▸ Problem description
The full listing should be written out verbatim, and its images should be dropped.

▸ Source data
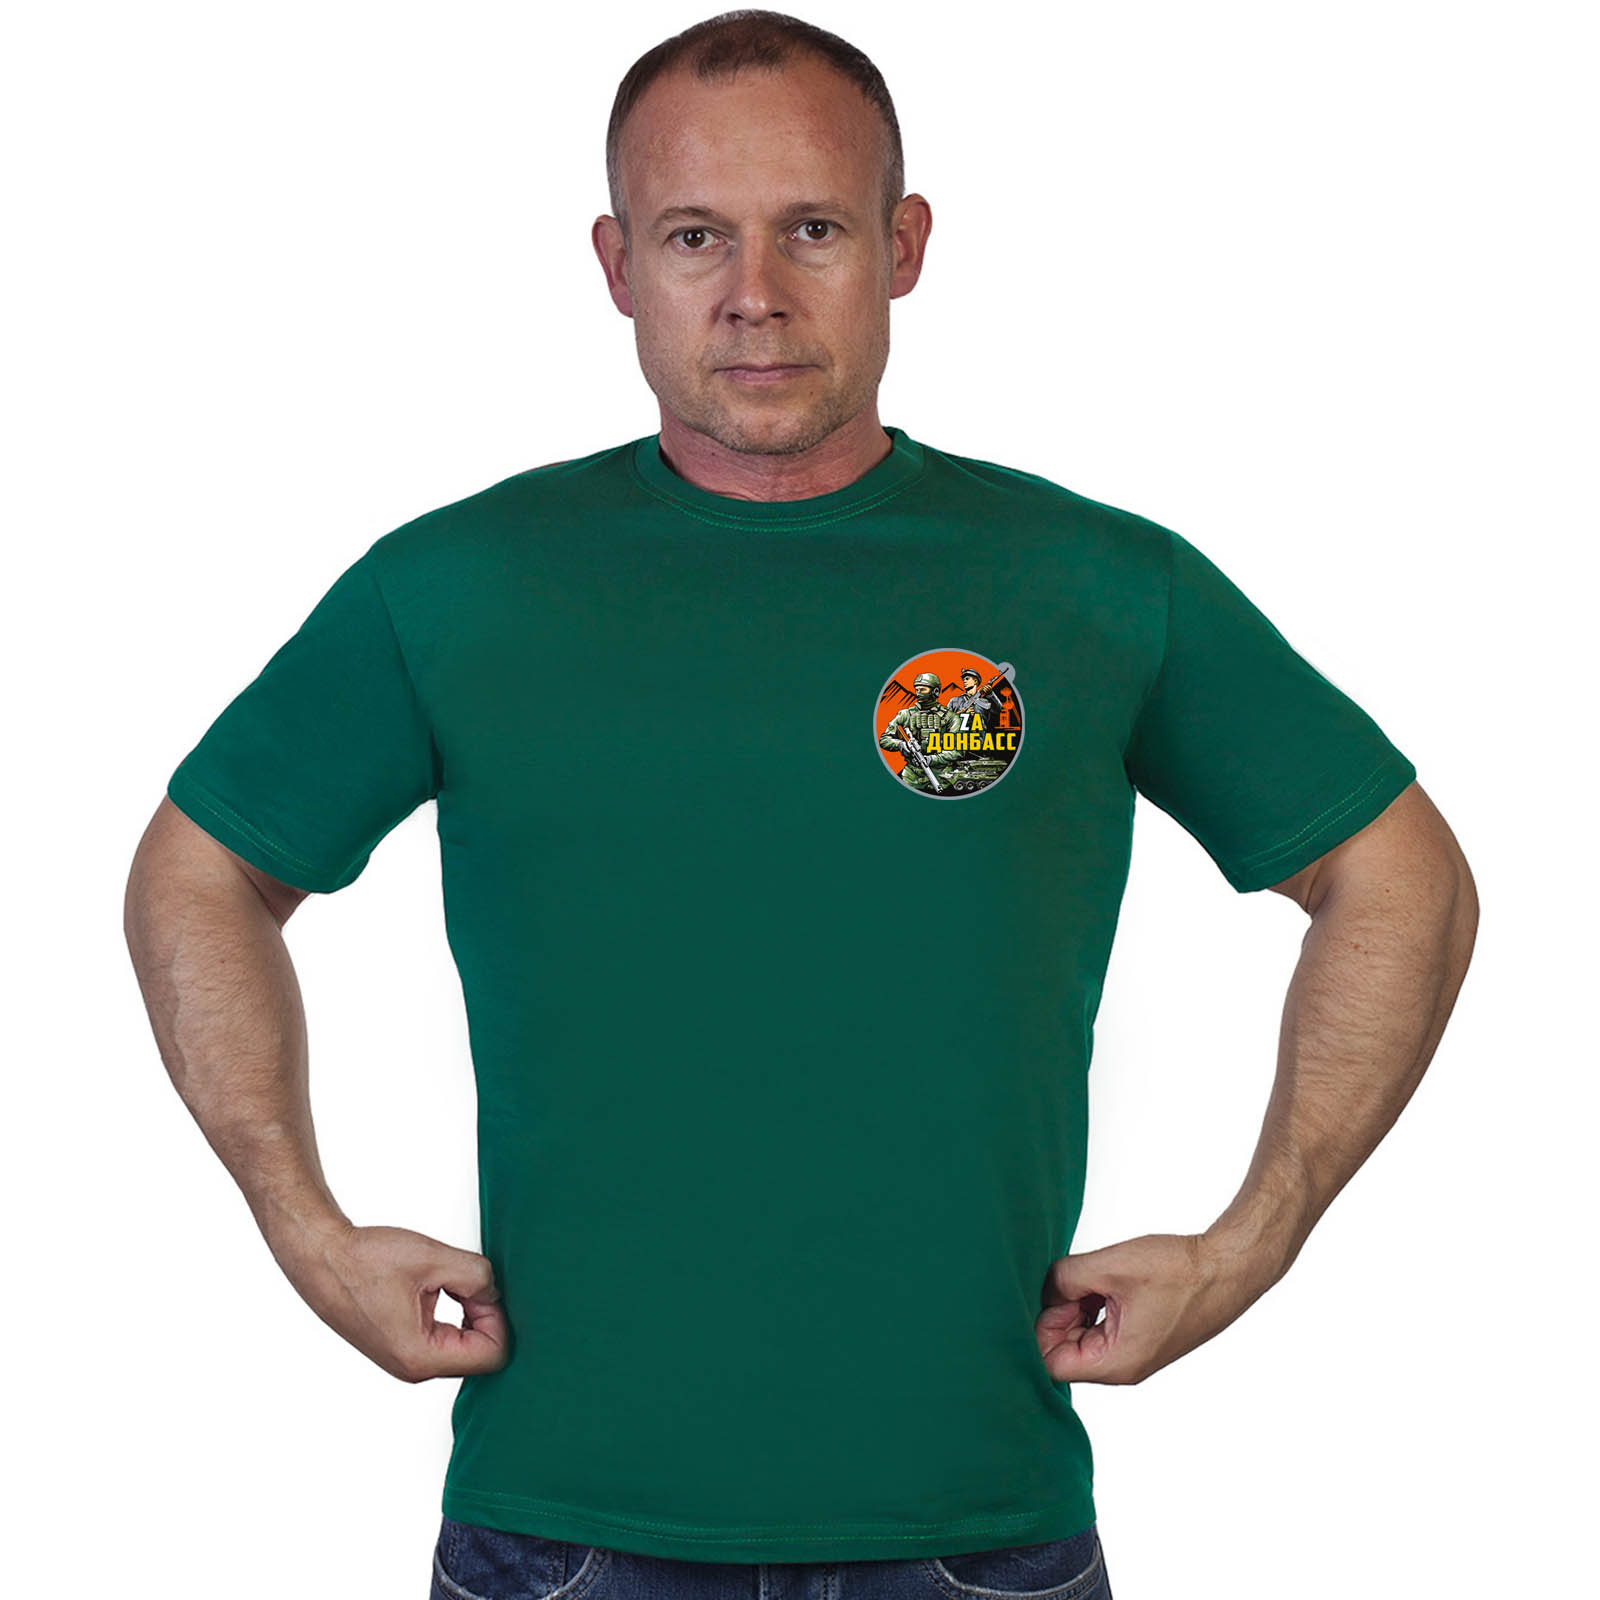 Зелёная футболка с трансфером "Zа Донбасс"
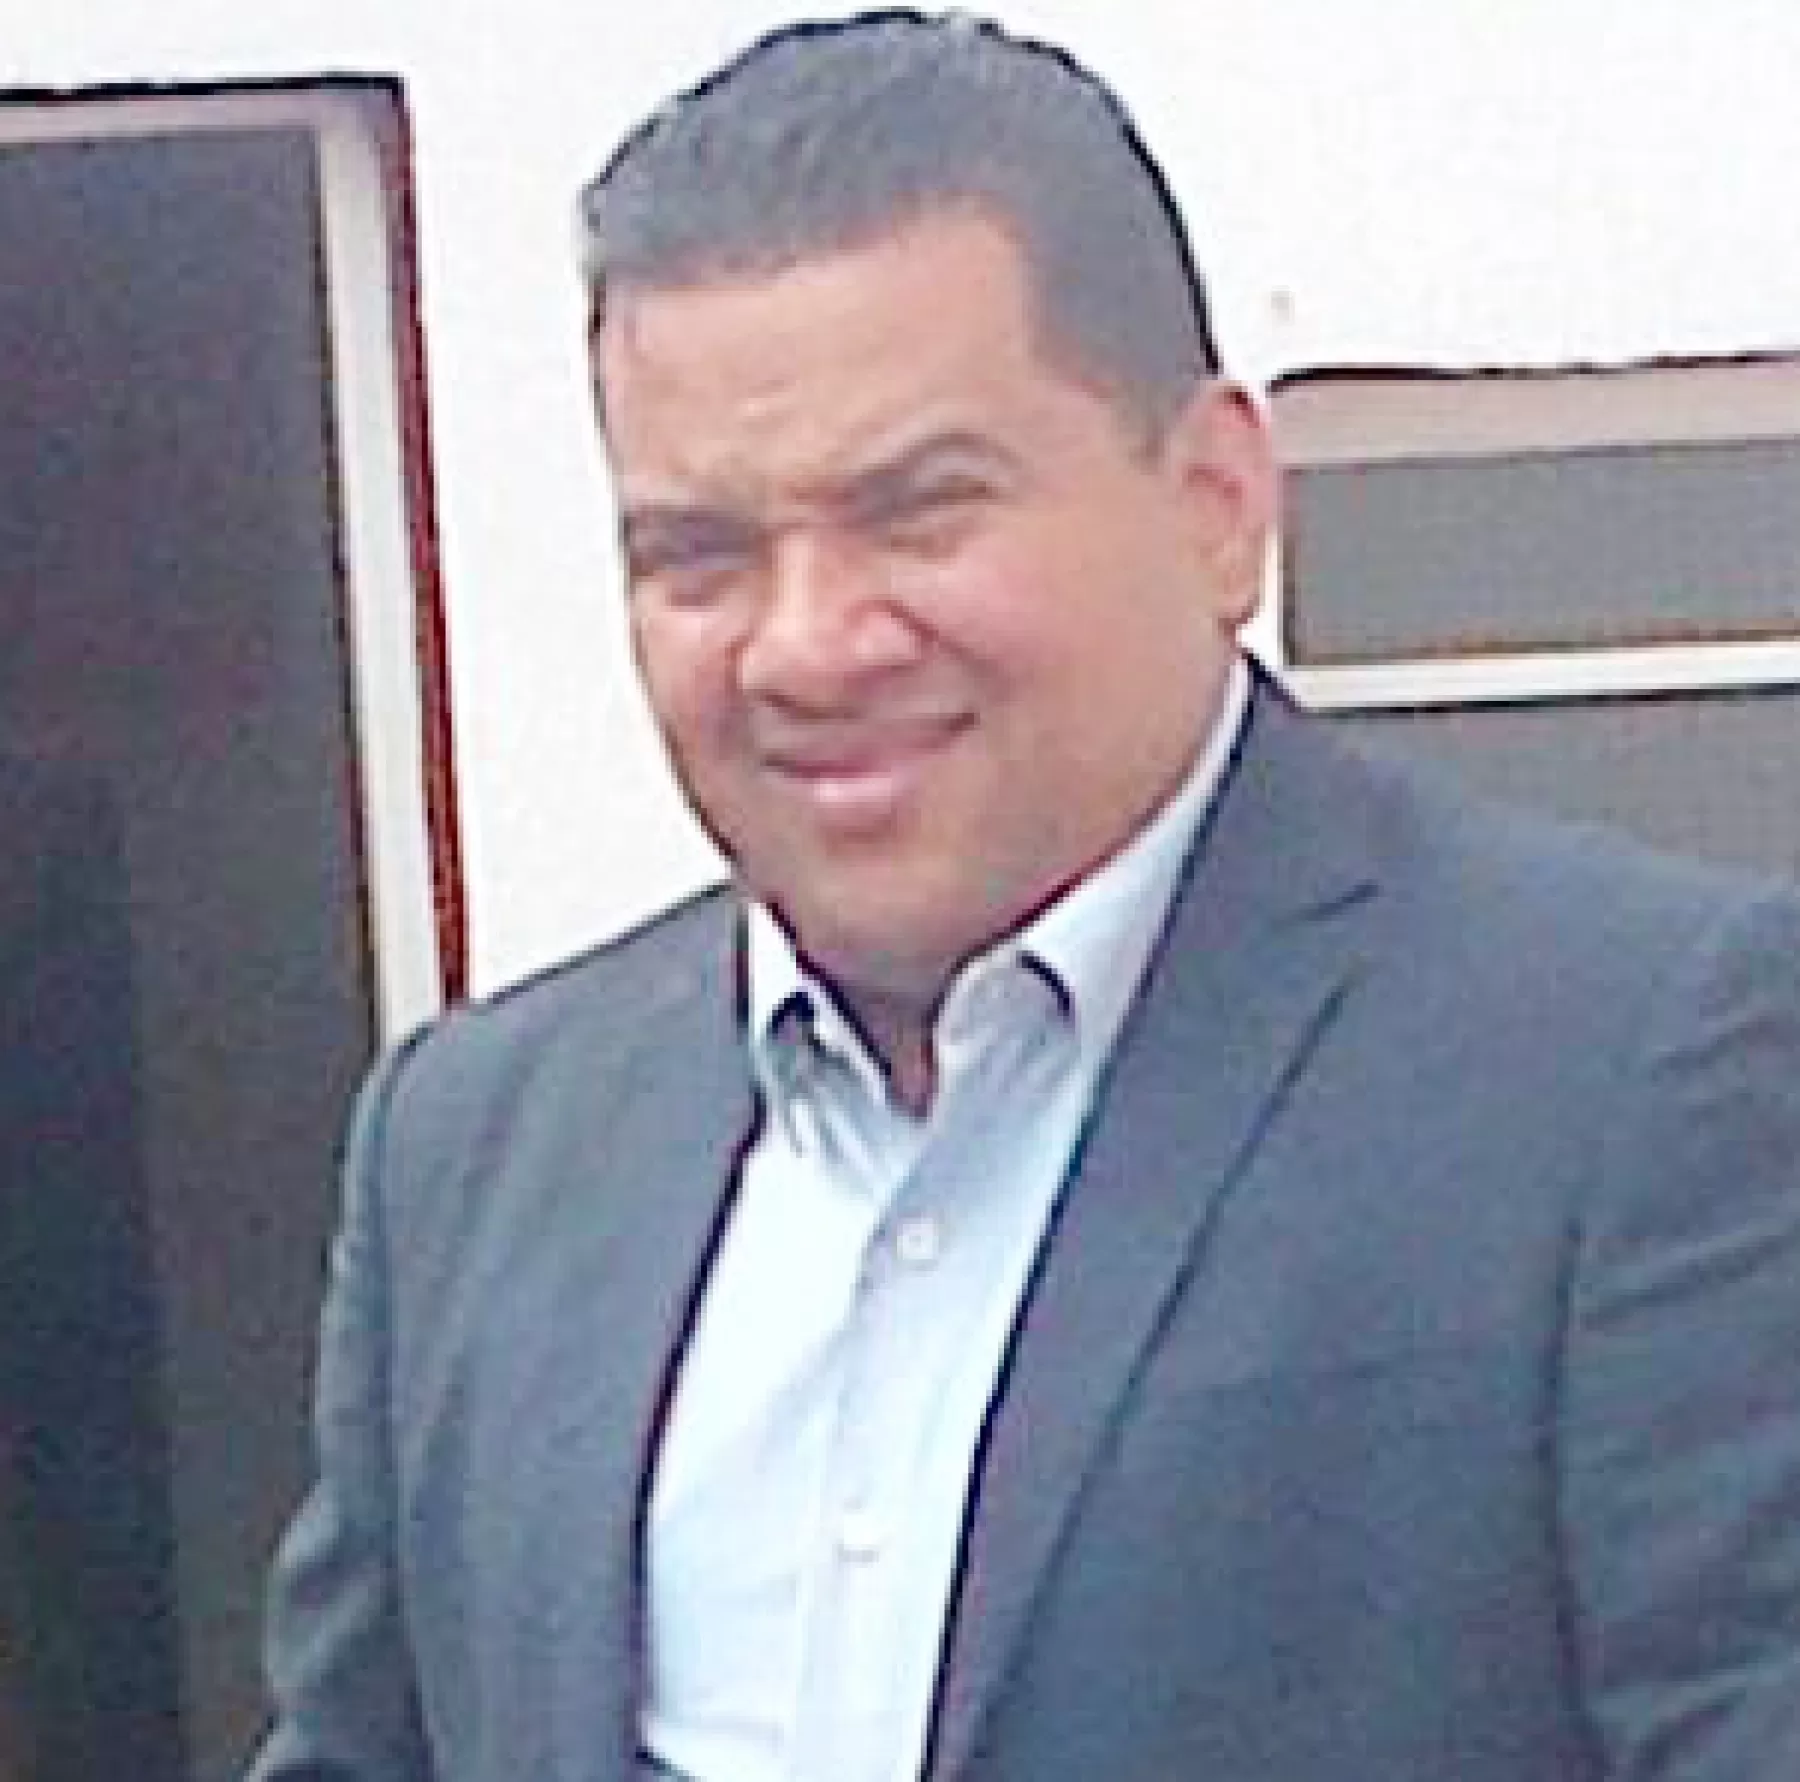 El abogado defensor de los derechos humanos, Francisco Javier Gómez Ayala, fue atacado por desconocidos que lo hirieron con arma blanca en su casa ubicada en el barrio las Corocoras de Arauca.
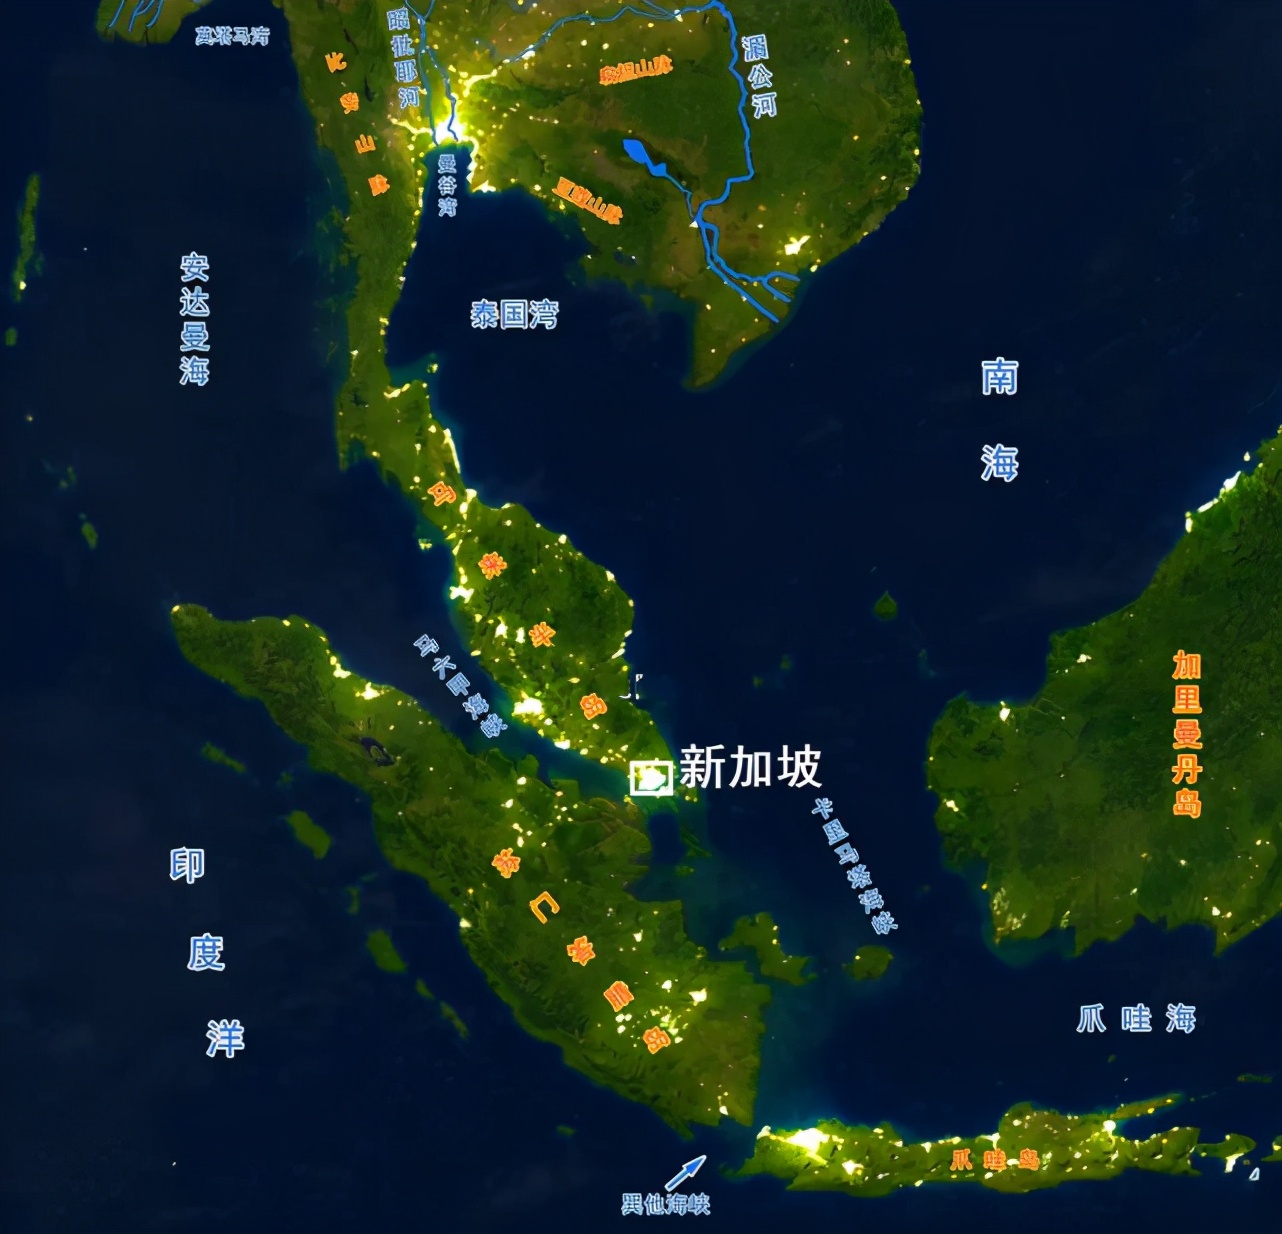 环太平洋势力如何划分？东亚势力比较平衡，澳大利亚独霸南太平洋

▸ Response to the task
 Зелёная футболка с трансфером "Zа Донбасс"
 El abogado defensor de los derechos humanos, Francisco Javier Gómez Ayala, fue atacado por desconocidos que lo hirieron con arma blanca en su casa ubicada en el barrio las Corocoras de Arauca.
 环太平洋势力如何划分？东亚势力比较平衡，澳大利亚独霸南太平洋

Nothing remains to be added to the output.